Cloud Run allowed me to wake up my container upon receiving a request via my sites URL. This container could then have a configurable lifespan that allowed it to stay up for a period of time without being used before it scaled back down to 0. No longer did I need to have something always running. The first request to my site after a period of inactivity may experience a few seconds of latency but after that subsequent requests would be responded to normally from the same container. If no requests came in over a specified interval the container would scale back down to 0. If the opposite occurred it would scale horizontally the same as if it was a regular Kubernetes deployment with horizontal auto scaling enabled. Using the hosted version of Cloud Run reduced my operating costs ~90% which was perfect for the bootstrap mode I was in.
It Gets Even More Interesting in Enterprise Environments
As a Product Manager in the Kubernetes space, and previously as a Sales Engineer in that same space for many years, I know that Lambda(or Cloud/Azure Functions) sprawl is a problem. Aside from the obvious CI/CD challenges a Lambda type pipeline creates there is the issue of unpredictable cost. Companies rarely know how much their serverless functions are going to cost them ahead of time and sometimes it may not be cheaper than the alternative depending upon the service. The solution for these problems is to deploy serverless applications, or containers, in Kubernetes clusters you are already paying for.
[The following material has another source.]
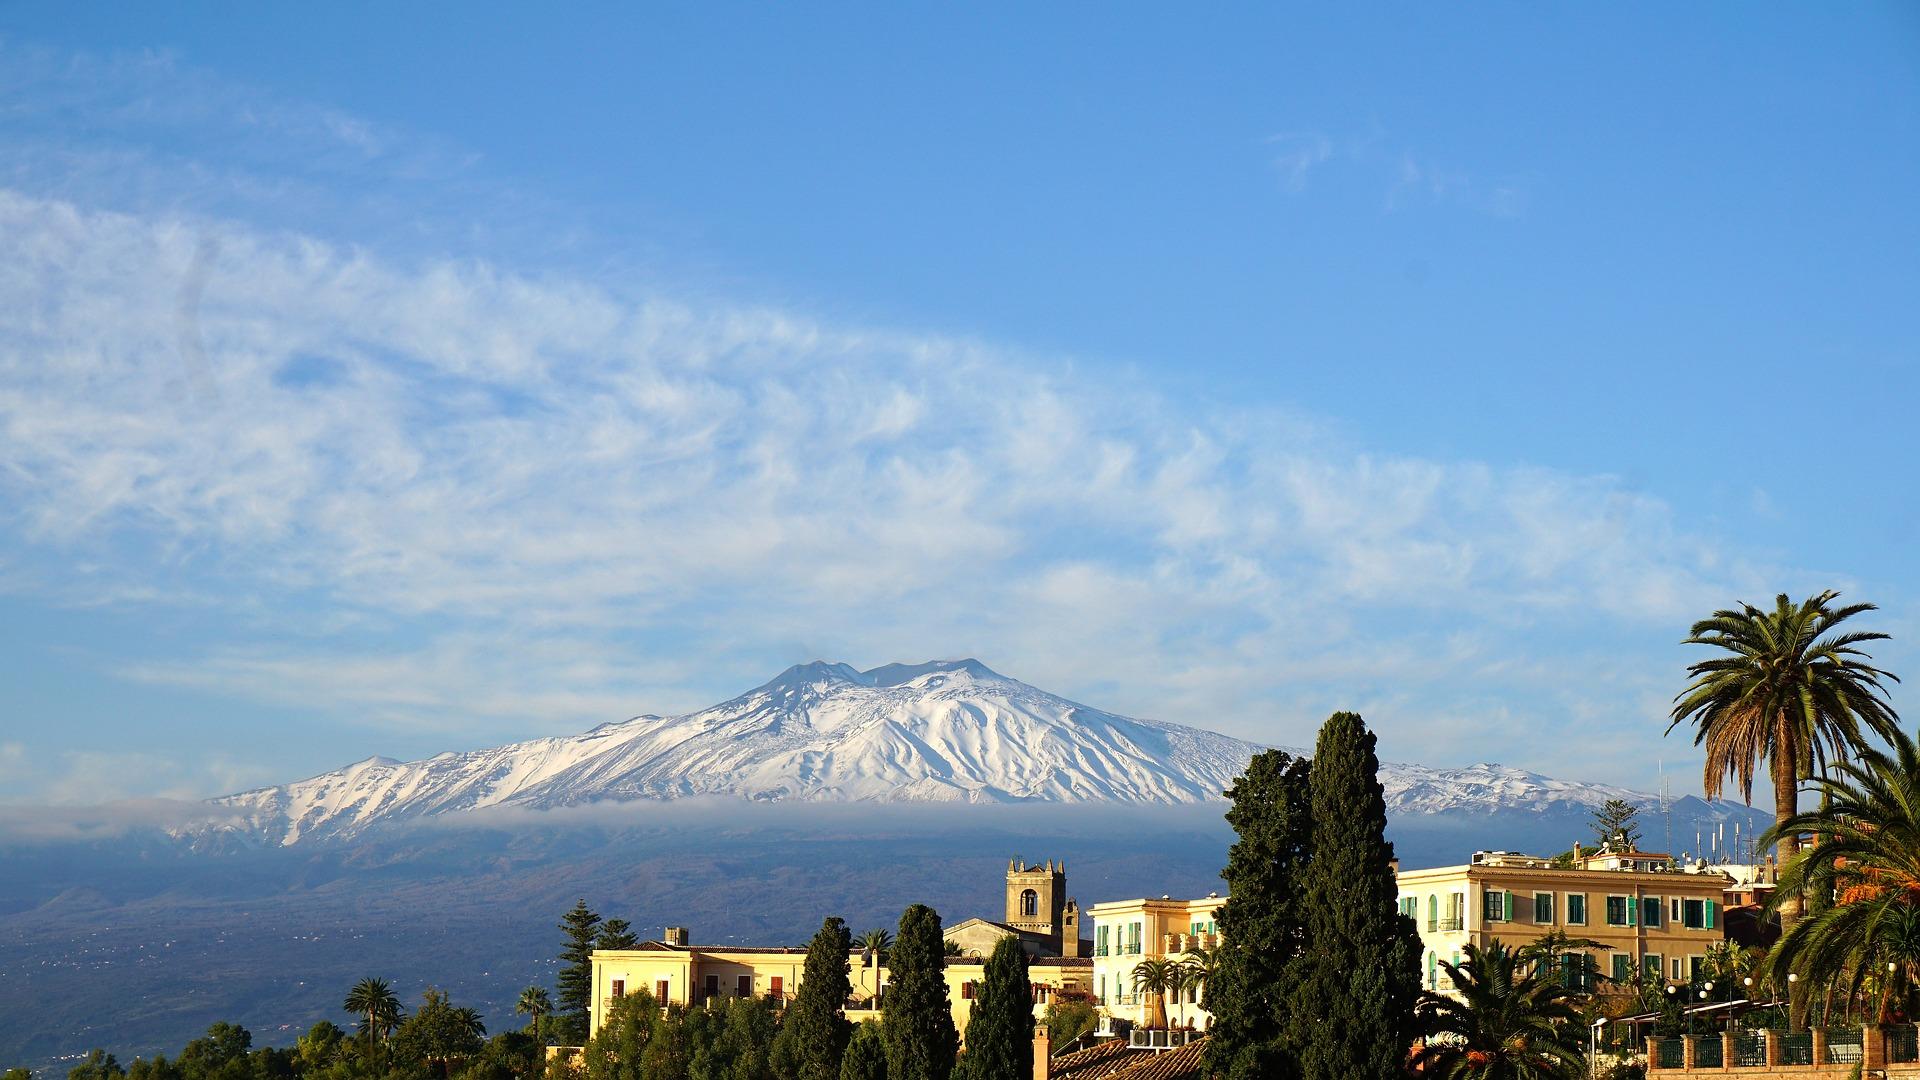 Etna, Sicilia, sopka Etna

This is the future of application delivery.
Cloud Run can be executed in your GKE Kubernetes cluster. This means that you can bound the size of your Kubernetes cluster to fix your costs all the while making use of extra compute capacity within this cluster that you’re already paying for, with serverless applications, or functions, built with containers hosted in Cloud Run. Your Kubernetes deployment specs will be similar to what you have already been using now with benefit that when they are inactive the pods will scale to 0. You can wake these pods up via URL web hook or a message bus triggers with more methods under development.
Still Not Convinced?
Here are 3 takeaways:
- Cloud Run allows containers to scale to 0 meaning you can use your existing container based CI/CD pipelines and DevOps /DevSecOps toolsets to get started.
- If you use Cloud Run in your own K8s cluster you can take advantage of existing capacity and governance not to mention charge back models.
- Cloud Run can be deployed in GKE on Prem, GCP, AWS, or Azure via Anthos giving you serverless capabilities in and out of the cloud.
- You can shift to a non-serverless paradigm in the same Kubernetes cluster without rearchitecting your app should your requirements change.
We are in a race to reduce the marginal cost of service delivery. Everything we are working towards has been to optimize and automate. The concept of turning off applications and waking them up when they are needed WITH a predictable and governed cost model, I feel, is the next phase of application delivery. Don’t let your delivery decision be your next legacy bottleneck.
Cloud Run is available as a managed service, or part of your GKE cluster on GCP or on AWS and Azure Q4 2021. If you are standardizing on Kubernetes, it’s time to standardize on a serverless application deployment framework.